How much can you borrow for a house?
Not only interest is important when you go shopping for the biggest financial decision in your life. Each bank or lender decides for yourself how much you can borrow for your home. Generally speaking, there are some factors that are decisive.
Monthly net (family) income
It is common knowledge that financial service providers will lend you a fair amount more quickly as your income is higher. If you have a permanent job for at least two years, that also works to your advantage.
As far as your salary is concerned, the general rule is that you may not spend more than one third of your net salary on paying off your loan (s).
However, there is another way to make your account exercise. Map all your fixed costs. So also those of your hobbies and the like. With the (largest) part that remains, you can then pay off your loan.
Tip. Make sure that you always have your wage slip and an extract from your savings account when you visit a bank or submit an application online.
The term of your loan
Discuss in advance with your lender the period in which you want to repay the mortgage loan . In principle, even loans up to 40 years are possible. The advantage of this is that you pay a lower monthly amount and therefore qualify for a higher loan amount. The disadvantage is that you pay more interest of course.
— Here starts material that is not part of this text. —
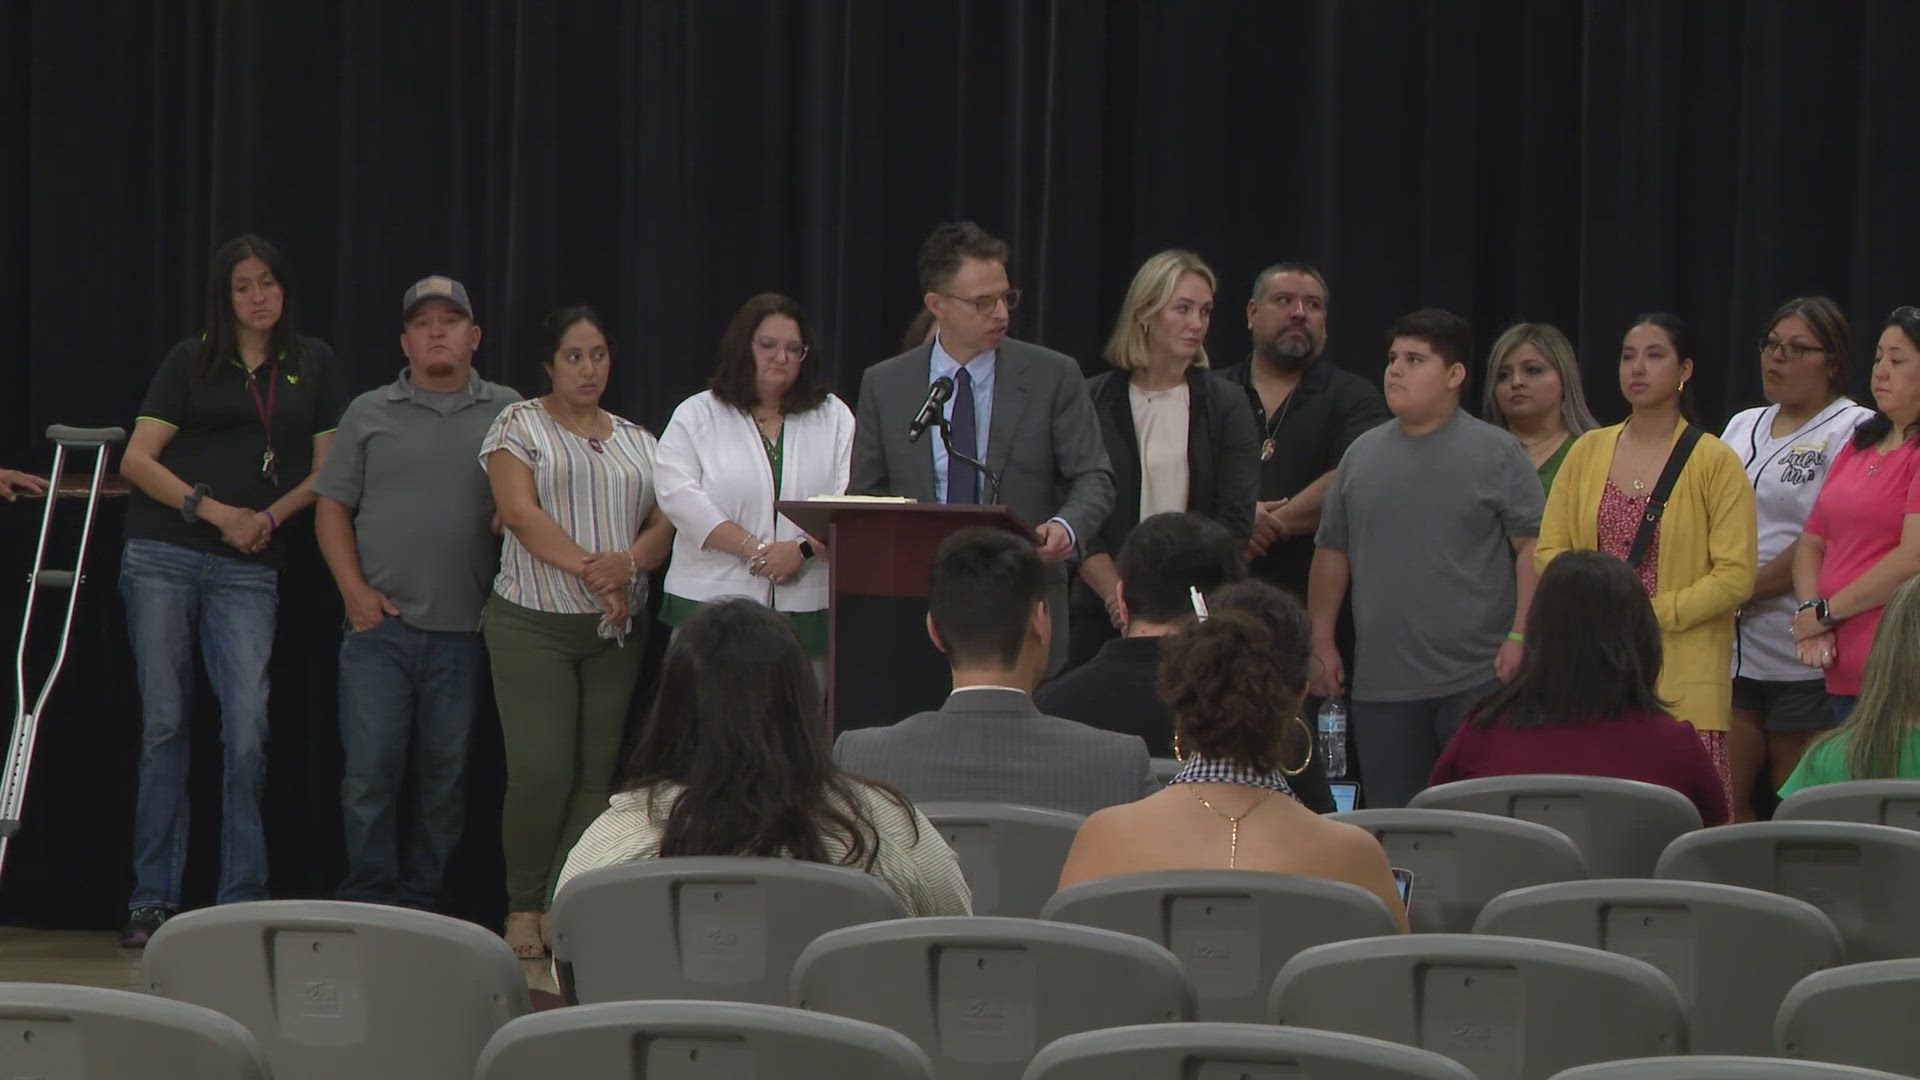 Along with the $500M lawsuit, families also announced a $2M settlement with the City of Uvalde. The city promised higher standards and better training for officers.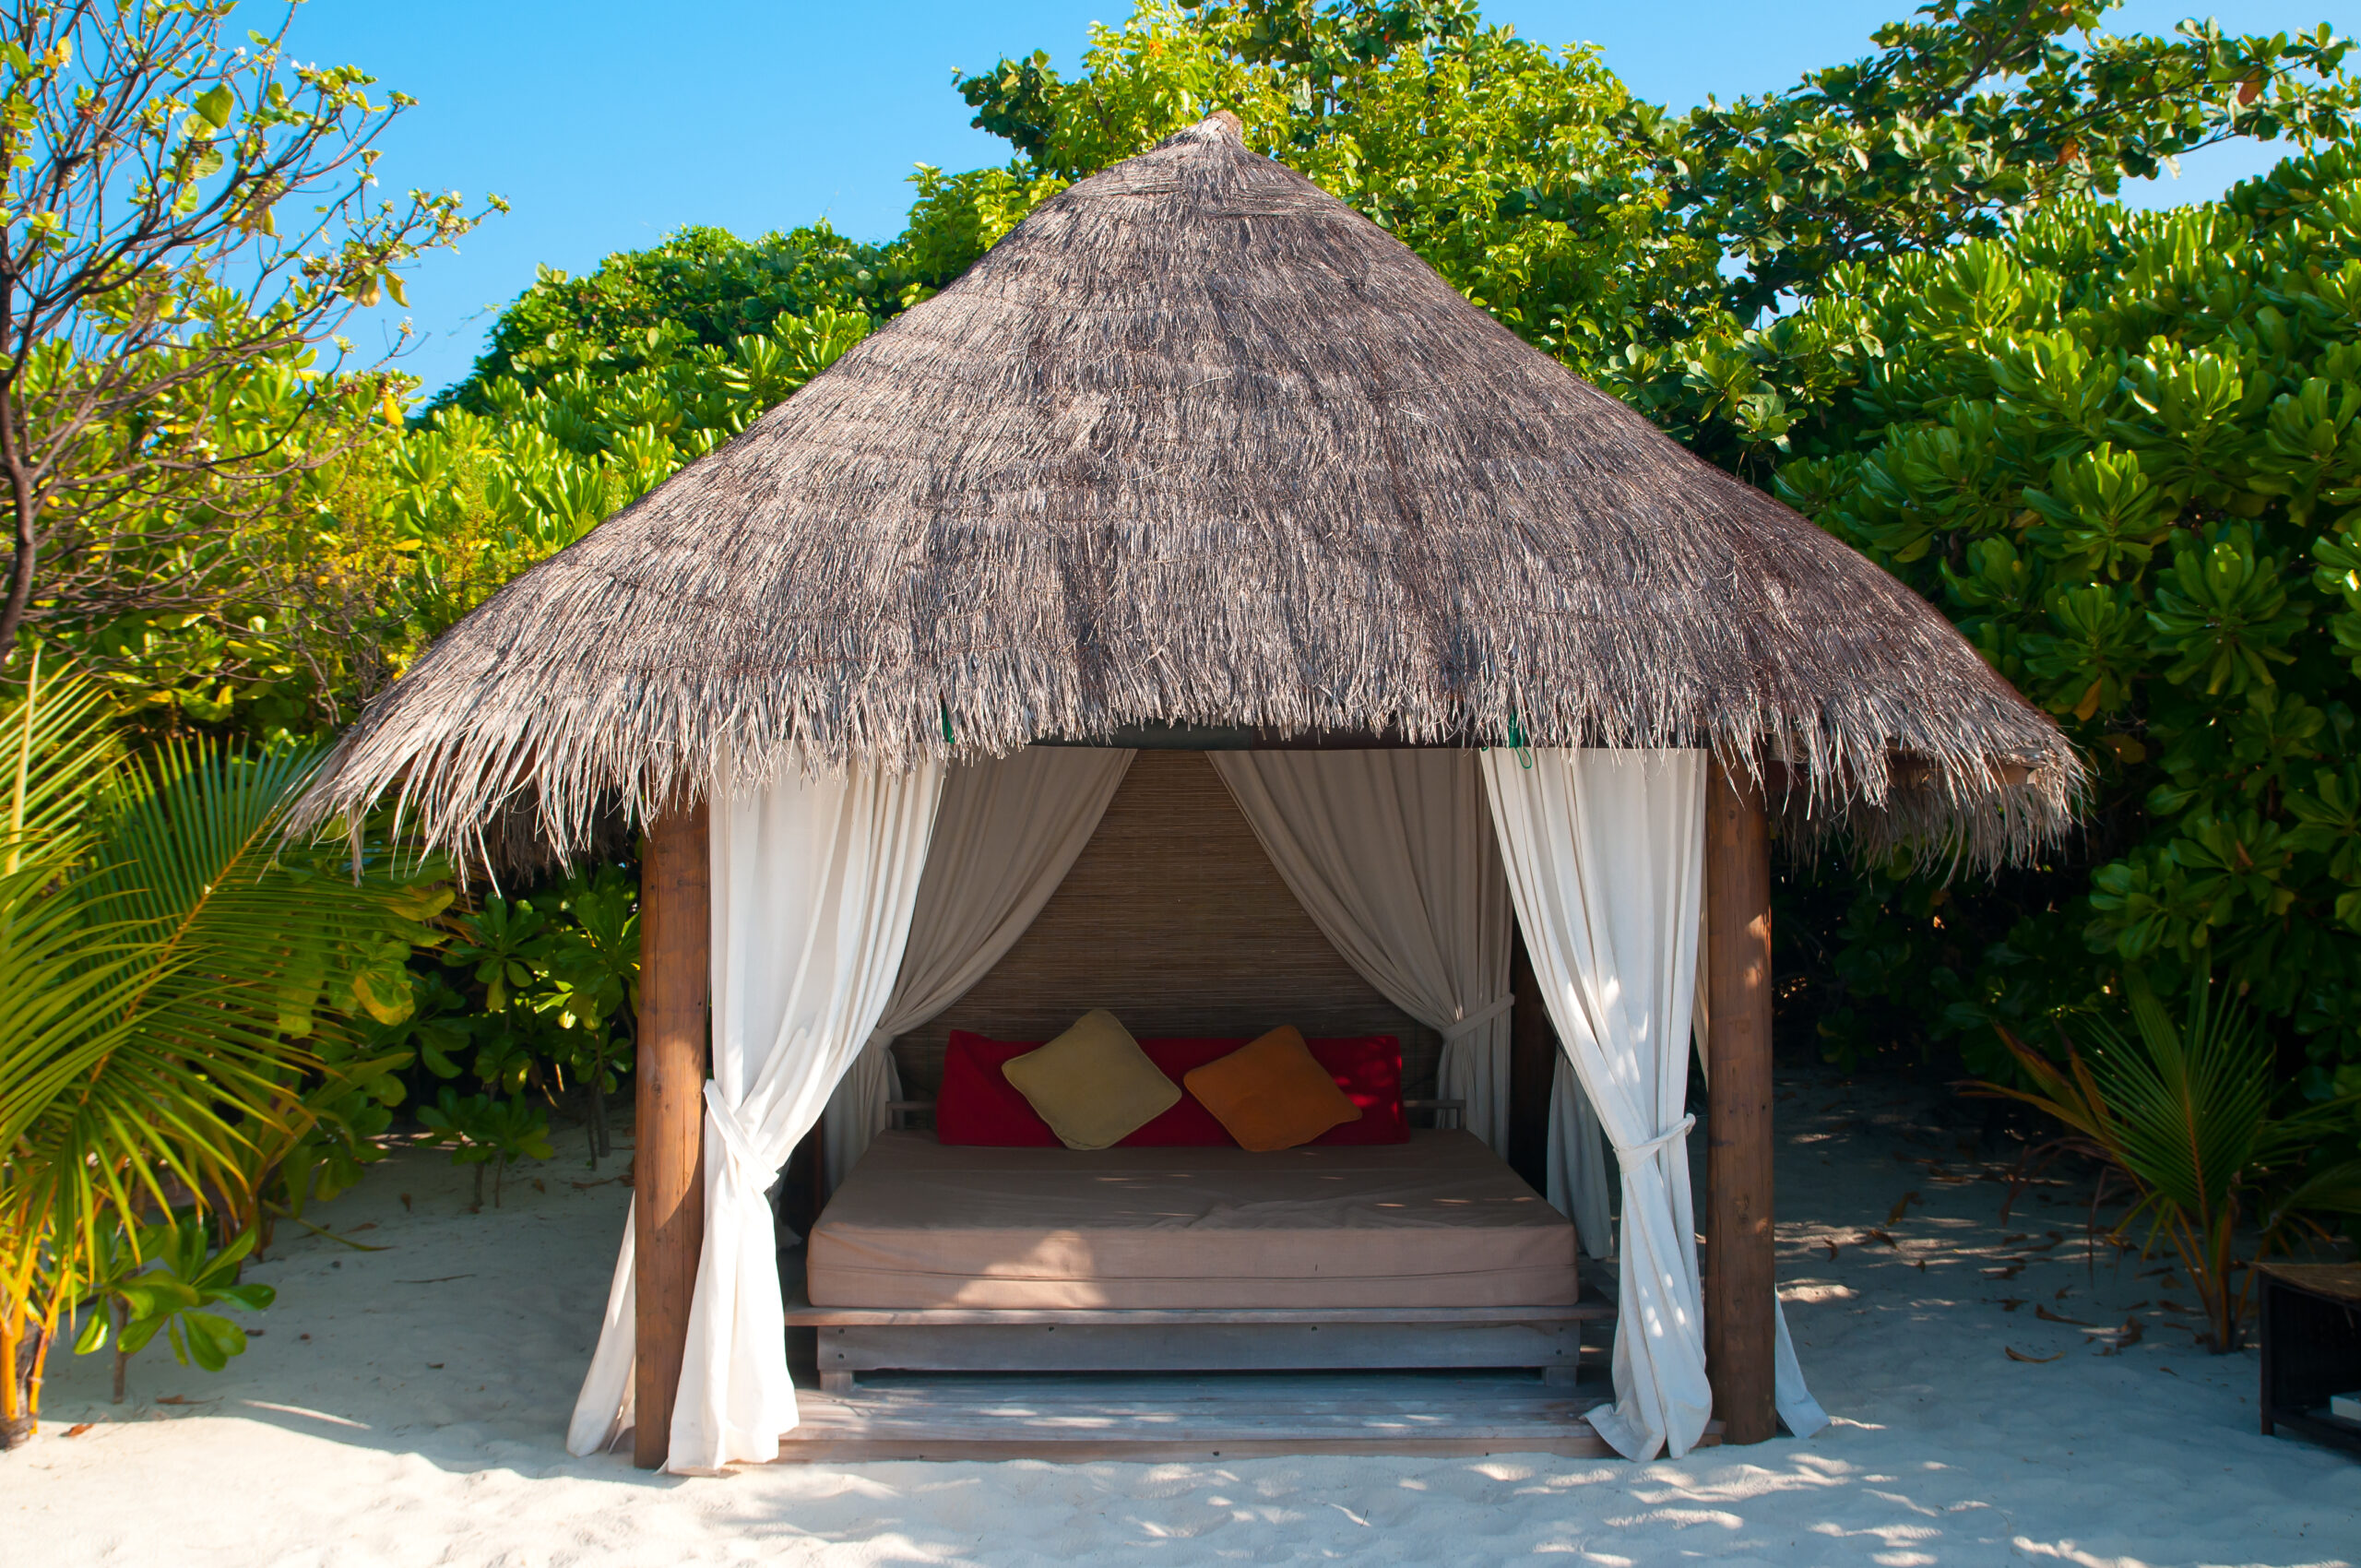  A quaint, small cabana with a thatched roof and a few lounge chairs

The percentage of the purchase price
Financial players derive money more easily for a home that they only have to finance for 50% than for 80%, for example. In the past few months, there was pressure from the National Bank to the banks to take and demand additional measures for loans above 80%. This would make such loans even more expensive. However, the government has rejected this proposal. In practice, it turns out that relatively many people need a 100% loan. Do not forget that in that case you still have to pay for all costs such as the notary.
The interest rates
It makes sense that you have to pay less per month for a certain amount at lower interest rates. Indirectly, this also determines the ease with which you get a loan. After all, you can more easily repay the borrowed amount.
Comparing remains the message
The percentage of the purchase price and your monthly net (family) income are for the most part fixed. You can, of course, get started with interest rates and maturities. However, do not limit yourself to these two variables.
It is recommended to all the conditions and the so-products compare . File costs, debt balance insurance …
The comparison exercise starts the easiest online. Do some simulations and compare the APRs (Annual Cost Percentage) purely on the loan, so not including insurance for example. You can make an additional comparison exercise for a debt balance insurance policy.
You can submit a credit application to the 2 to 3 best players on the financial market (in your personal situation). After all, this obliges you to nothing. Then you can negotiate. Those who do nothing will receive the interest rate that the bank proposes. However, those who are willing to put pressure on the bank can get away with a better rate.